En las conversaciones que suelo mantener con mi amigo Topeto DIAZ surge el tema del potencial exportador de las empanadas que se elaboran siguiendo antiguas ortodoxias. Como es lógico, coincidimos en rechazar fórmulas que desfiguraban a nuestro tradicional producto hasta asemejarlo a aquellas adulteraciones que, usurpando nombre tan ilustre, fatigan el estómago de los sufridos porteños.
Inventos como las empanadas de choclo, espinaca, cebolla, de hongos con jerez e incluso de remolacha son un atentado al buen gusto que solo cosecha adeptos entre personas dadas a la frivolidad y que nunca tuvieron, o han perdido, la capacidad de disfrutar de los sabores bien combinados. Son los que diluyen el vino, añaden pimienta al pescado y aceitunas al charquisillo, hacen locro con granos de maíz enlatado, y anchi con vitina. Es sabido que Topeto se enzarzó en un conflicto que estuvo a punto de dilucidarse en el campo de honor en defensa de la integridad de la cocina regional salteña.
En aquellas charlas soñamos con la posibilidad de que sus excelentes empanadas ganen mercados en el mundo y de que Topeto se convierta en una suerte de Mac Donald de las empanadas. Es probable que más allá del entusiasmo verbal la hipótesis nos pareciera, en la intimidad de nuestras conciencias, lejana cuando no disparatada.
Sin embargo acaba de ocurrir algo que debería movernos a la reflexión.
Una firma con sede en Buenos Aires, que fabrica en serie empanadas que imitan a las salteñas y cuya propaganda alude a la nobleza del repulgue, acaba de anunciar la apertura de sucursales en China e India a donde espera exportar miles de millones de empanadas ultra congeladas. La empresa, que fabrica empanadas con 25 sabores diferentes, las vende también en varios países de América y está lista para lanzarse a la conquista gastronómica de la Unión Europea.
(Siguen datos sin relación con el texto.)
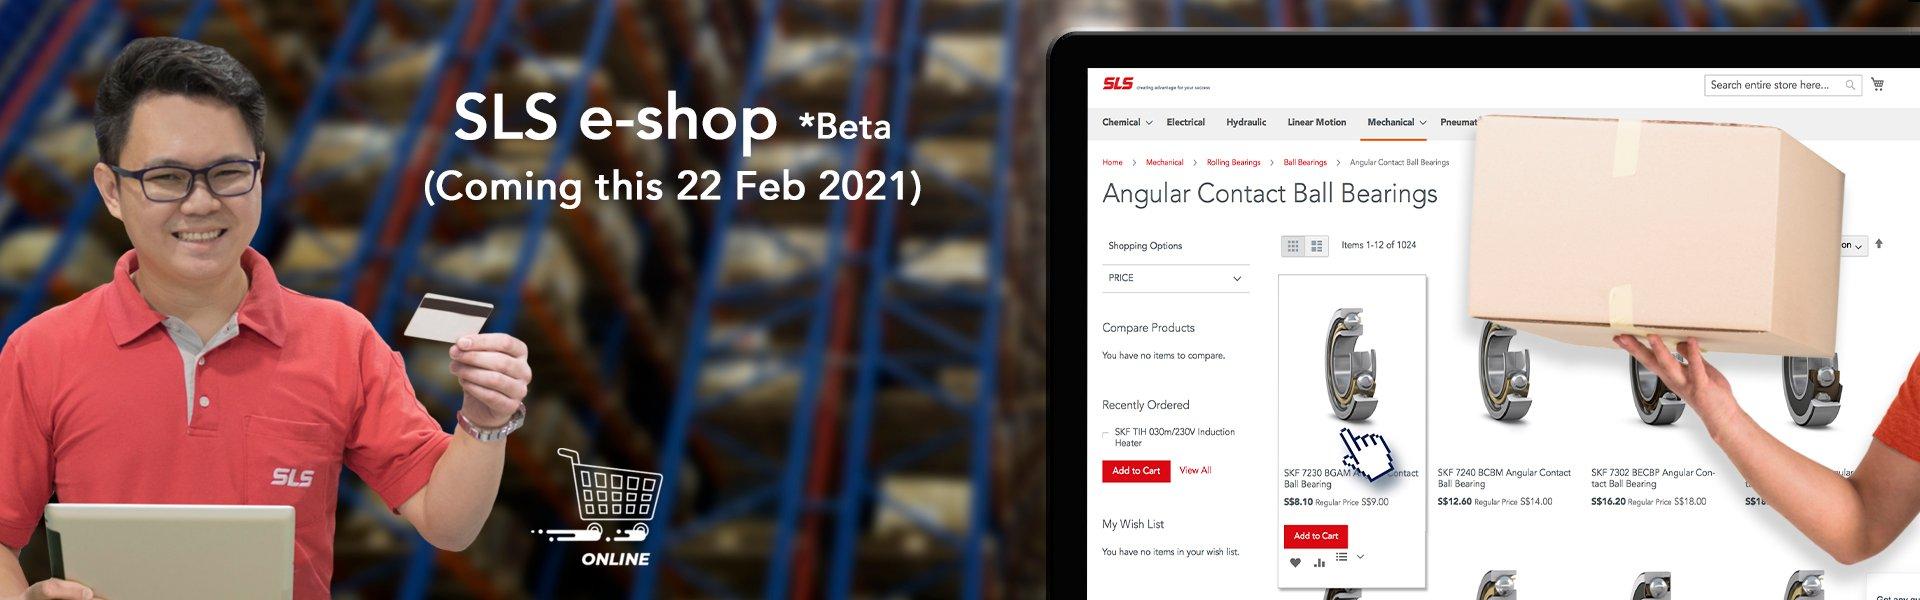 SLS e-shop Beta Banner for Hubspot

Para tener una idea de las dimensiones de este negocio, diré que una sola de sus plantas fabrica 5 millones de empanadas por mes.
Por supuesto, los salteños seguimos prefiriendo las empanadas de La Merced, de La Yutita o aquellas que fabrican centenares de artesanas que trabajan con cofia y enfundadas en impecables delantales blancos.
Sin embargo pienso que deberíamos reflexionar: Formulándonos una pregunta: ¿A qué se debe que ningún empresario local viera el negocio y lograra globalizar a nuestro producto gastronómico estrella? Y cuestionando dos mitos de la cultura política localista: El primero es aquel que apela al consabido argumento de nuestra distancia de los grandes mercados para explicar la debilidad exportadora salteña. El segundo mito es el que, desdeñando la fabricación de alimentos, reserva el calificativo de industria para la metalurgia y lo entiende sinónimo de soberanía y bienestar.